As we continue to make arguments for gender pay equality, we must add to the litany, who benefits from this inequality? Who benefits from the discrimination of women in the workplace, in gallery shows and museums? Why are women still faced with the problem of balancing work and family? What can be done, what can society change in order to give women a more even playing field?

 

Marcia Kure is a Nigerian artist who lives and works in the USA. She trained at the University of Nigeria and is an alumna of Skowhegan School of Painting and Sculpture. Kure’s work was shown at the 11th Dak’Art, Senegal (2014) La Triennial, Paris (2013), International Biennial of Contemporary Art, Seville (2006), and Sharjah International Biennale (2005). A Research fellow of the Smithsonian Institution (2008), Visual Artist in Residence at the Victoria and Albert Museum (2014) and winner of Uche Okeke Prize for Drawing (1994). Kure’s work is in the collection of major museums in the United States and Europe. Her work was part of BODY TALK: Feminism, Sexuality and the Body in the Work of African Women Artists, WIELS Contemporary Art Center, Brussels, Frac Lorraine, France and Lunds Konsthall, Sweden (2015-16).

 

Marcia Kure, ph by Chika Okeke Agulu. 

 

Ng’endo Mukii 

 

Since I work in Film and Animation as an independent filmmaker, I feel that the most pressing issue in general, is access to funding and grant bodies that support our work. This is true across the board whether one is female or male. Existing in a political environment that does not appreciate or promote art as a cultural practice that can enable us to achieve our developmental goals, ensures that our practices remain un(der)funded and we ourselves remain consumers of foreign brands and culture. This in turn prevents our products from gaining value within our own environment, and has a cyclic effect.

 

Ng’endo Mukii. On the Ides of March, a creature with a fiery afro was born. Small in stature and withdrawn in nature, she led a reclusive life on the green highlands of Kenya, overlooking the savannah seas. Receiving her primary education under the instruction of Catholic nuns, she left her home to experience the Century’s Superpower. She later passed many moons, prancing in the Queen’s country, nibbling on crumpets and searching through the dense fog. Today she can be found armed with a pressure-sensitive stylus, and a macro lens. She spends her time between Nairobi and Tsavo, animating little children, photographing dung beetles, and running away from scorpions. Ng’endo Mukii is a graduate of the Royal College of Art (2012) and the Rhode Island School of Design (2006). She works in Nairobi as an independent filmmaker. She is a Berlinale Talents and Design Indaba Alumni, and has received several accolades for her films.

 

Ngendo Mukii, ph by Cjerri Mokgofe. 

 

Mónica de Miranda

 

Today, in an expanded globalised world, many emerging women artists from developing countries face the pressure of working abroad – instead of in their country of origin – to engage fully in their professional activities, and access the international art network more easily. Yet only a minority manages to leave their country.

 

The Lusophone world lacks an art market, so following an artistic path is extremely difficult . . . in the Lusophone context, there are very few women artists living in their country of origin; if they do, they often give up their practice or end up doing more commercial work. The ones that find the way to go abroad face dynamics linked to migration or diaspora processes of adaptation, exclusion or assimilation. In the process of economic struggle and raising children, they often give up their artistic practice. Also to achieve mobility for their work and recognition, they are expected to be able to travel to attend exhibitions.

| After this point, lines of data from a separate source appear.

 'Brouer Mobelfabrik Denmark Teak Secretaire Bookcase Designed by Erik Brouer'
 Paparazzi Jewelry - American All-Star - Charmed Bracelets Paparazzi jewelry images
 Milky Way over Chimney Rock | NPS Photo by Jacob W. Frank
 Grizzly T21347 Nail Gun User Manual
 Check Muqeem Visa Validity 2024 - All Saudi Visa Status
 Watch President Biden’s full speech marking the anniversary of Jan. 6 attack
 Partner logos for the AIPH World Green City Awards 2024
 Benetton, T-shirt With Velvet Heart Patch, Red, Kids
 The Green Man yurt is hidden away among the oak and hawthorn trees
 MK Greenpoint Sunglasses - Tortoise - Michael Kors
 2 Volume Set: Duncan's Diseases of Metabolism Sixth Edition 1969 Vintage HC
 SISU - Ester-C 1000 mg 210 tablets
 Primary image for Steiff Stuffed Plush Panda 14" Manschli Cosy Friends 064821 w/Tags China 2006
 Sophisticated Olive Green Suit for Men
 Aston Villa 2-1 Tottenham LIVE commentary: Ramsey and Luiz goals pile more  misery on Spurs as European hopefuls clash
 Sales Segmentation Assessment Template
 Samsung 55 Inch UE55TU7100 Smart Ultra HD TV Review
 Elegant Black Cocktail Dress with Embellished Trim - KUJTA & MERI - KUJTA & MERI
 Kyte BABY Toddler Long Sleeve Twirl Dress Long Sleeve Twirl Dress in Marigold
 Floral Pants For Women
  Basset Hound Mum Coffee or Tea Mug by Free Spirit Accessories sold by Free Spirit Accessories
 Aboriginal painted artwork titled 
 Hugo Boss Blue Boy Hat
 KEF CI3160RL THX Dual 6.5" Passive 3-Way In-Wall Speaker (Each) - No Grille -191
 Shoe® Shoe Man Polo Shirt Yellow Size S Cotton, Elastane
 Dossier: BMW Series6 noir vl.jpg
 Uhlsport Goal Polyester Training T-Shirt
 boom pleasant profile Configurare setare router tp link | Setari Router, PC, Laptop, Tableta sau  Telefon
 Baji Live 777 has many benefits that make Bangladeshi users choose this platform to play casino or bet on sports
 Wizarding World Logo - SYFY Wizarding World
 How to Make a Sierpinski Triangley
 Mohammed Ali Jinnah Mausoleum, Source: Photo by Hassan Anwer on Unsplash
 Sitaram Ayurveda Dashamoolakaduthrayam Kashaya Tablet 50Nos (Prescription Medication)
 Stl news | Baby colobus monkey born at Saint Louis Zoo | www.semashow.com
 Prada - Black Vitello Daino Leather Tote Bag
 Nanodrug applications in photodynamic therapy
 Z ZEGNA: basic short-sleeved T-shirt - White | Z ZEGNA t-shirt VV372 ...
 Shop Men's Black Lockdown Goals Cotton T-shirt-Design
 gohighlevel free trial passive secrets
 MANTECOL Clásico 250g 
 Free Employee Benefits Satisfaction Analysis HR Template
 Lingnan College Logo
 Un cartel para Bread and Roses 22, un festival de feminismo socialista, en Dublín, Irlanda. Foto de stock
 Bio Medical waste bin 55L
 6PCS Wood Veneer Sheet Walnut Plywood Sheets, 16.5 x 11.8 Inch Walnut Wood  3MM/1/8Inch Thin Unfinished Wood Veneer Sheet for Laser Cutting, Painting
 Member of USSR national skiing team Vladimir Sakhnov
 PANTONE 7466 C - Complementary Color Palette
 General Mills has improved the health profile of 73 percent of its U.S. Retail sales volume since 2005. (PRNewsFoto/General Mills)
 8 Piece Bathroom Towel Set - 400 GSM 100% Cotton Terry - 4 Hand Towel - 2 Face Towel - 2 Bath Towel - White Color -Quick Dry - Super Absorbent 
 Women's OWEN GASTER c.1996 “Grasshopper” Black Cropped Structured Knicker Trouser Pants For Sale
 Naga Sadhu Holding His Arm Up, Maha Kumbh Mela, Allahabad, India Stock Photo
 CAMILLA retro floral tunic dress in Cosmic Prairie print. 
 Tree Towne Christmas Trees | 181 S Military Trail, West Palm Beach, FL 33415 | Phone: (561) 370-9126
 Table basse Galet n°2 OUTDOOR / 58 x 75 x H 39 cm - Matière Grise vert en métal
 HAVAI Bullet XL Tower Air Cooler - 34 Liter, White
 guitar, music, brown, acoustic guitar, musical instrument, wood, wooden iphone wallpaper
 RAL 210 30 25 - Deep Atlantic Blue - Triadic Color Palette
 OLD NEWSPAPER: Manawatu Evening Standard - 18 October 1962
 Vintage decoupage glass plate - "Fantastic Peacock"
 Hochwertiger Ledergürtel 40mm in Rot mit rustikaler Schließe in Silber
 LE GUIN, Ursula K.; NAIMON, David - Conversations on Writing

These can be pressing issues faced by women artists that have children and family responsibilities.

 

Being an artist from the African diaspora is different from being an artist based on the continent. In my case, as a member of the diaspora with a European passport, I am allowed more opportunities in terms of mobility, citizen rights and even cultural exchange – opportunities that artists with an African passport might not be offered. Navigating between two cultural realities has facilitated my integration process, yet it also created a duality: I am never African or European enough. As a result, sometimes, curators do not know how to ‘situate’ me. In the last decade, voices from the African diaspora have benefited from more flexibility to be integrated.

 

Mónica de Miranda (b. Porto, Portugal, 1976, of Angolan descent) is an artist and researcher. PhD in visual art from the University of Middlesex (2014), she has received support from the Foundation for Science and Technology. de Miranda is one of the founders of the artistic residency project Triangle Network in Portugal and the founder of the Project Hangar (centre of artistic research in Lisbon, 2014). She has exhibited in Lisbon, London, Amsterdam, Paris, Madrid, Dubai, Rome or Singapore, and was included in the 10th Bamako Encounters, the 14th Biennial of Architecture in Venice and the Bienal de São Tomé e Principe. She has participated in various residencies in Mauritius, London, Maputo and more.

 

Suzana Sousa 

 

I think in Angola the most pressing issues are the lack of formal art education, although this has been changing in the past couple years, and that most female artists’ work is considered as some form of handcraft rather than art. This has to do with several aspects: from materials and aesthetics to language used, but also with the social place assigned to women and how they negotiate that space. Indeed, the truth is that, for me,the most

pressing issues female artists have to deal with have nothing to do with the artworld but with society as a whole. Angola is an extremely paternalist society, and one where there is no open political difference. It is a society of silence and fear, and the social place of women is a political subject with consequences as deep as the family structure.

 

Suzana Sousa (b. Luanda, 1981) is an independent curator and writer. Her recent curatorial projects include ‘Seeds of Memory’, Angolan Pavilion (Expo Milano, 2015) and ‘Love me Love me Not – Art from the Collection Sindika Dokolo’, Biblioteca Almeida Garreth (Porto, Portugal). Sousa contributes to Contemporary &, Art+Auctions (NYC), the Goethe Institute Magazine and Arterial Network/ Arts in Africa.